Jalan Tol Cibitung Cilincing Perkuat Konektivitas Industri dan Pelabuhan
Sebagai salah satu infrastruktur penting di kawasan industri Jabodetabek, Jalan Tol Cibitung Cilincing memiliki fungsi strategis dalam menghubungkan kawasan industri besar di Bekasi dan sekitarnya dengan Pelabuhan Tanjung Priok. Keberadaan jalan tol ini dinilai mampu memangkas waktu tempuh kendaraan logistik sekaligus mengurangi kepadatan lalu lintas distribusi barang di jalur arteri.
Dengan meningkatnya aktivitas perdagangan dan ekspor-impor nasional, keberadaan akses logistik yang efisien menjadi kebutuhan utama dunia industri. Pengembangan JTCC juga sejalan dengan transformasi sistem logistik nasional yang saat ini terus didorong pemerintah melalui integrasi pelabuhan, jalan tol, dan kawasan industri.
Pelindo Group Perkuat Ekosistem Logistik Terintegrasi
PT API menyebut sinergi antarentitas di lingkungan Pelindo Group menjadi faktor penting dalam memperkuat ekosistem logistik dan kepelabuhanan yang terintegrasi. Melalui pengembangan Jalan Tol Cibitung Cilincing dan rest area logistik, Pelindo Group ingin menciptakan konektivitas yang lebih efisien antara pelabuhan dan hinterland industri.

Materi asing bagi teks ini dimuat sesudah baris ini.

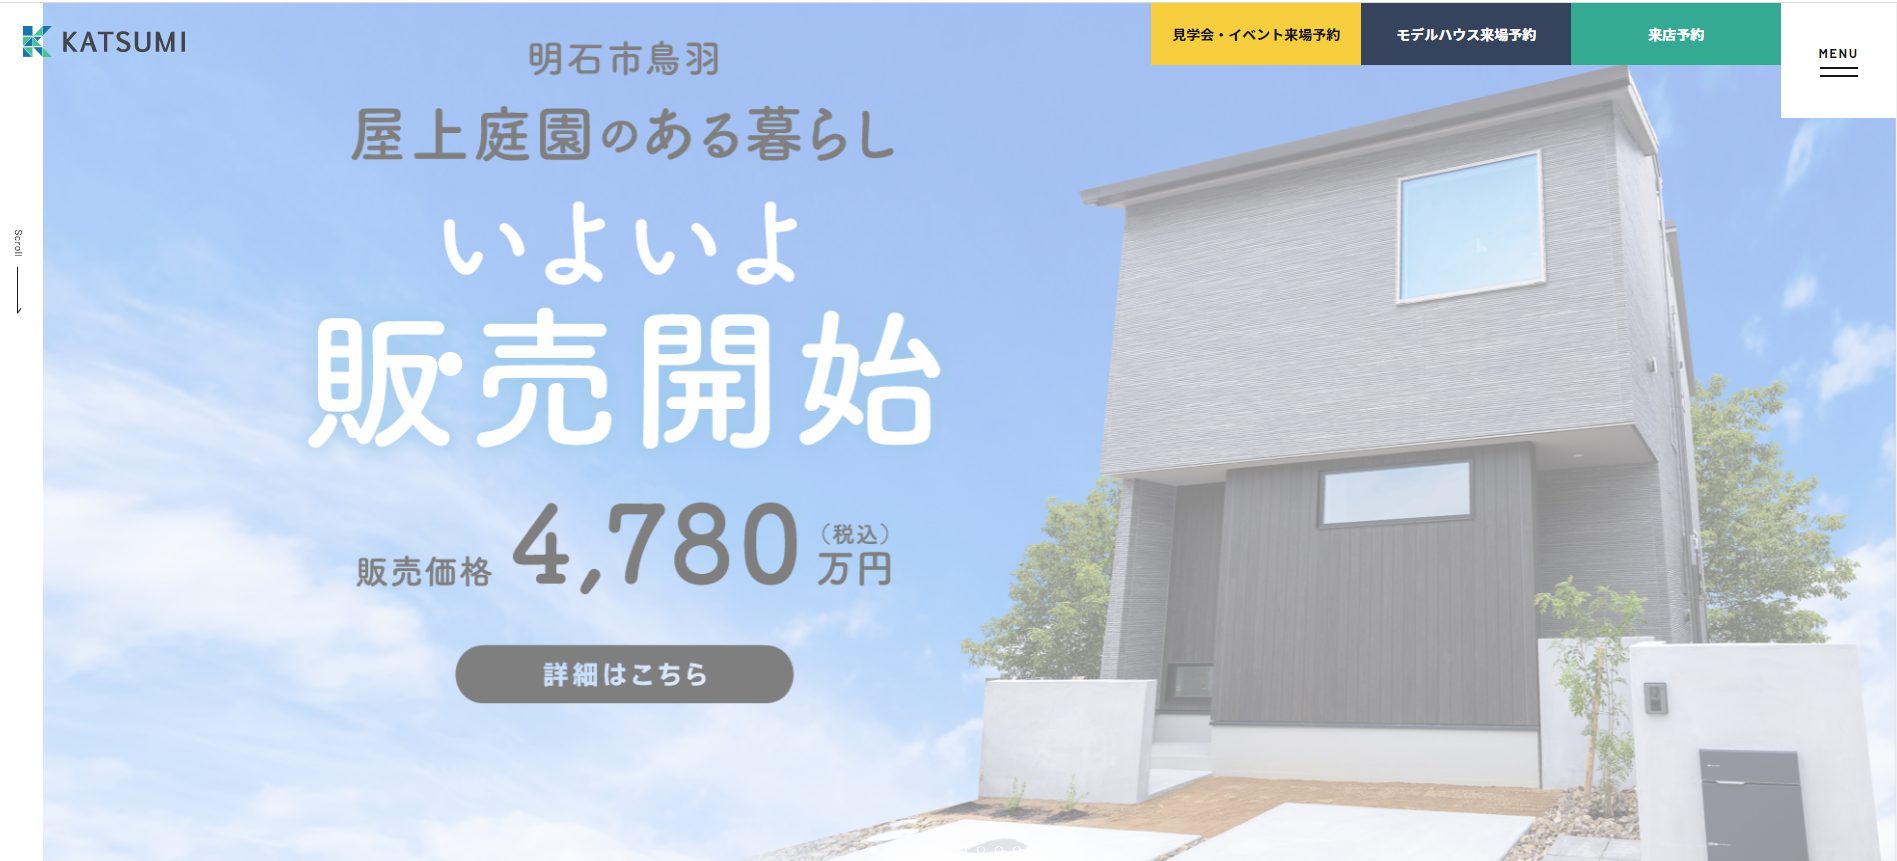 勝美住宅公式サイトの画像

Langkah tersebut juga diyakini mampu meningkatkan daya saing logistik Indonesia yang selama ini masih menghadapi tantangan biaya distribusi tinggi dibanding beberapa negara di kawasan Asia Tenggara. Dengan sistem pengawasan yang terus diperkuat dan dukungan fasilitas logistik modern, JTCC diharapkan menjadi salah satu tulang punggung distribusi nasional dalam mendukung pertumbuhan ekonomi Indonesia.
Melalui site monitoring Jalan Tol Cibitung Cilincing, PT API menegaskan komitmennya untuk terus meningkatkan kualitas layanan infrastruktur logistik nasional dan mendukung pertumbuhan ekonomi berbasis konektivitas industri serta pelabuhan.

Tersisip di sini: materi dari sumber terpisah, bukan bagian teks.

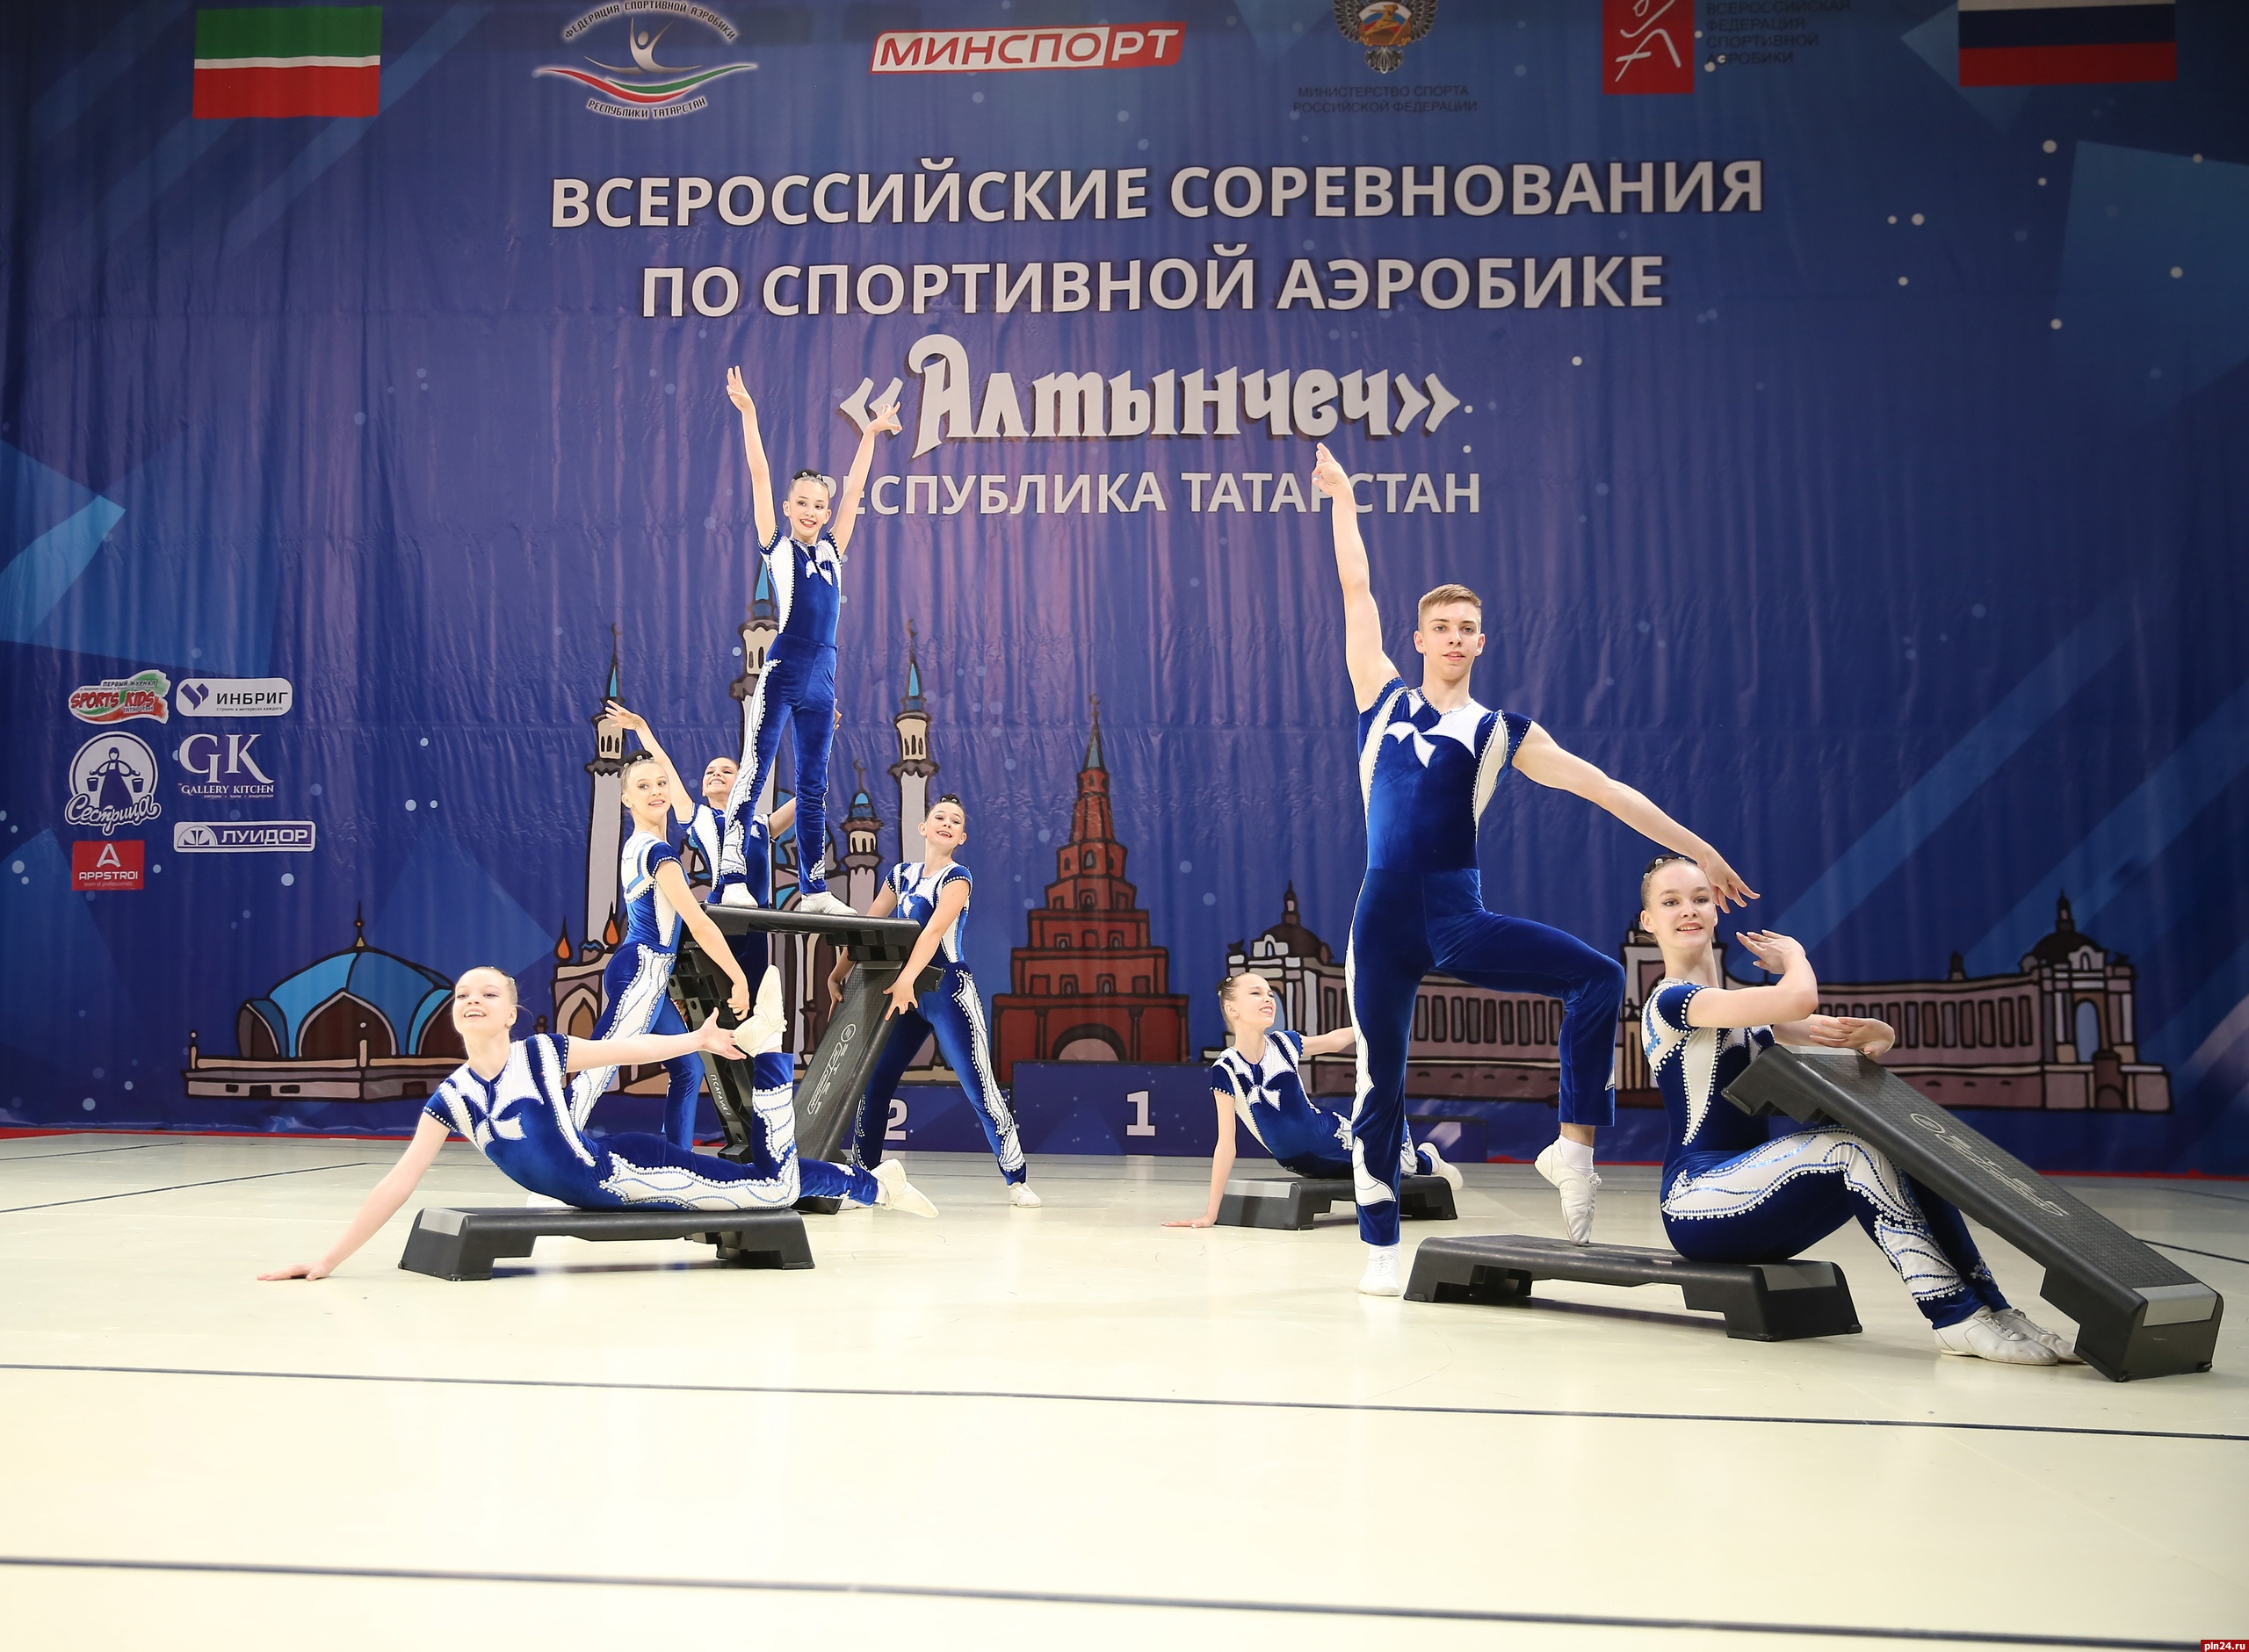 Псковички получили бронзовые медали на всероссийских соревнованиях по спортивной аэробике

Keberadaan Jalan Tol Cibitung Cilincing dinilai menjadi salah satu elemen penting dalam mendukung kelancaran rantai pasok nasional, terutama di tengah meningkatnya kebutuhan distribusi barang yang cepat dan efisien. Infrastruktur logistik yang terintegrasi saat ini menjadi kebutuhan utama bagi kawasan industri yang terus berkembang di wilayah Jabodetabek dan sekitarnya.

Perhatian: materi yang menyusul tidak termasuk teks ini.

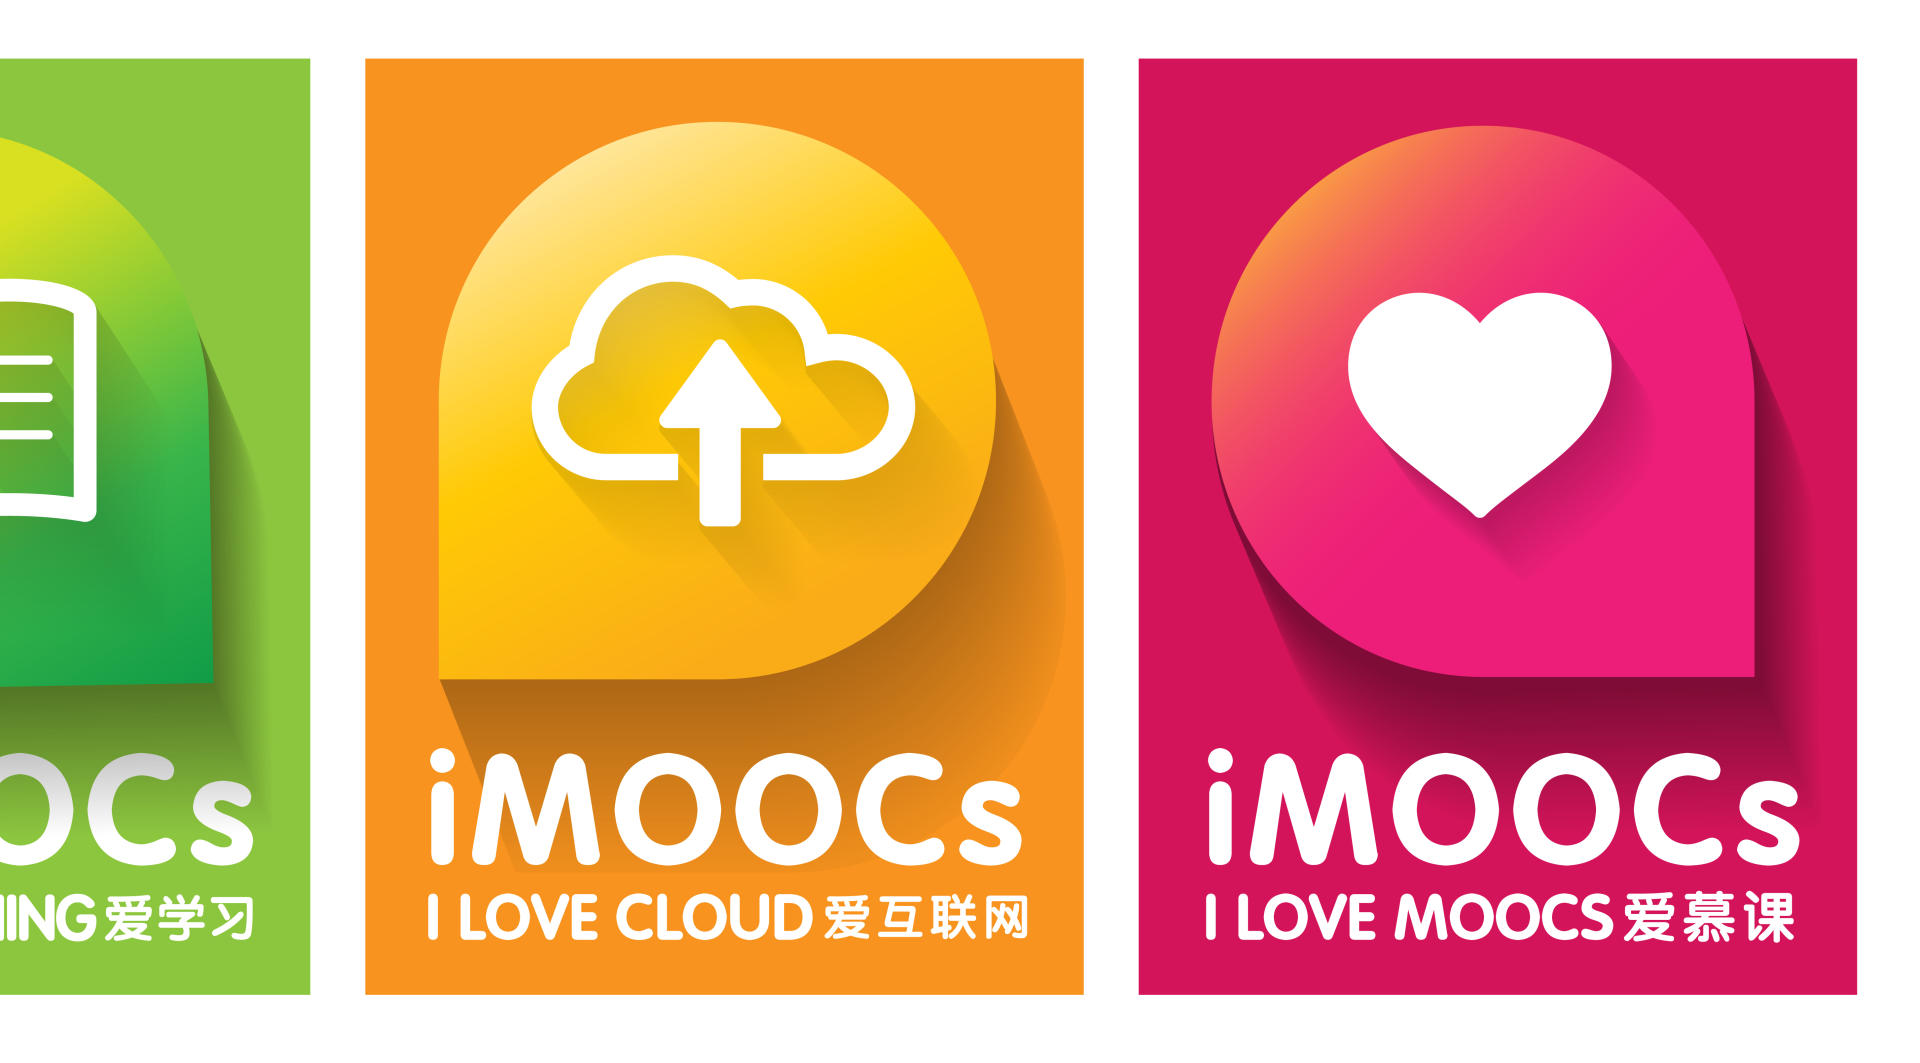 复旦大学慕课平台IMOOCs标识演绎动画

Dengan adanya pengembangan rest area logistik, kendaraan angkutan barang diharapkan dapat memperoleh fasilitas pendukung yang lebih memadai sehingga dapat meningkatkan keselamatan perjalanan dan efisiensi operasional. Selain itu, penguatan sistem pengawasan dan operasional jalan tol juga diyakini mampu memberikan kenyamanan bagi pelaku usaha logistik dalam menjalankan aktivitas distribusi setiap harinya.
PT API optimistis pengembangan infrastruktur logistik yang berkelanjutan akan mampu meningkatkan daya saing ekonomi nasional sekaligus memperkuat konektivitas antarwilayah industri di Indonesia.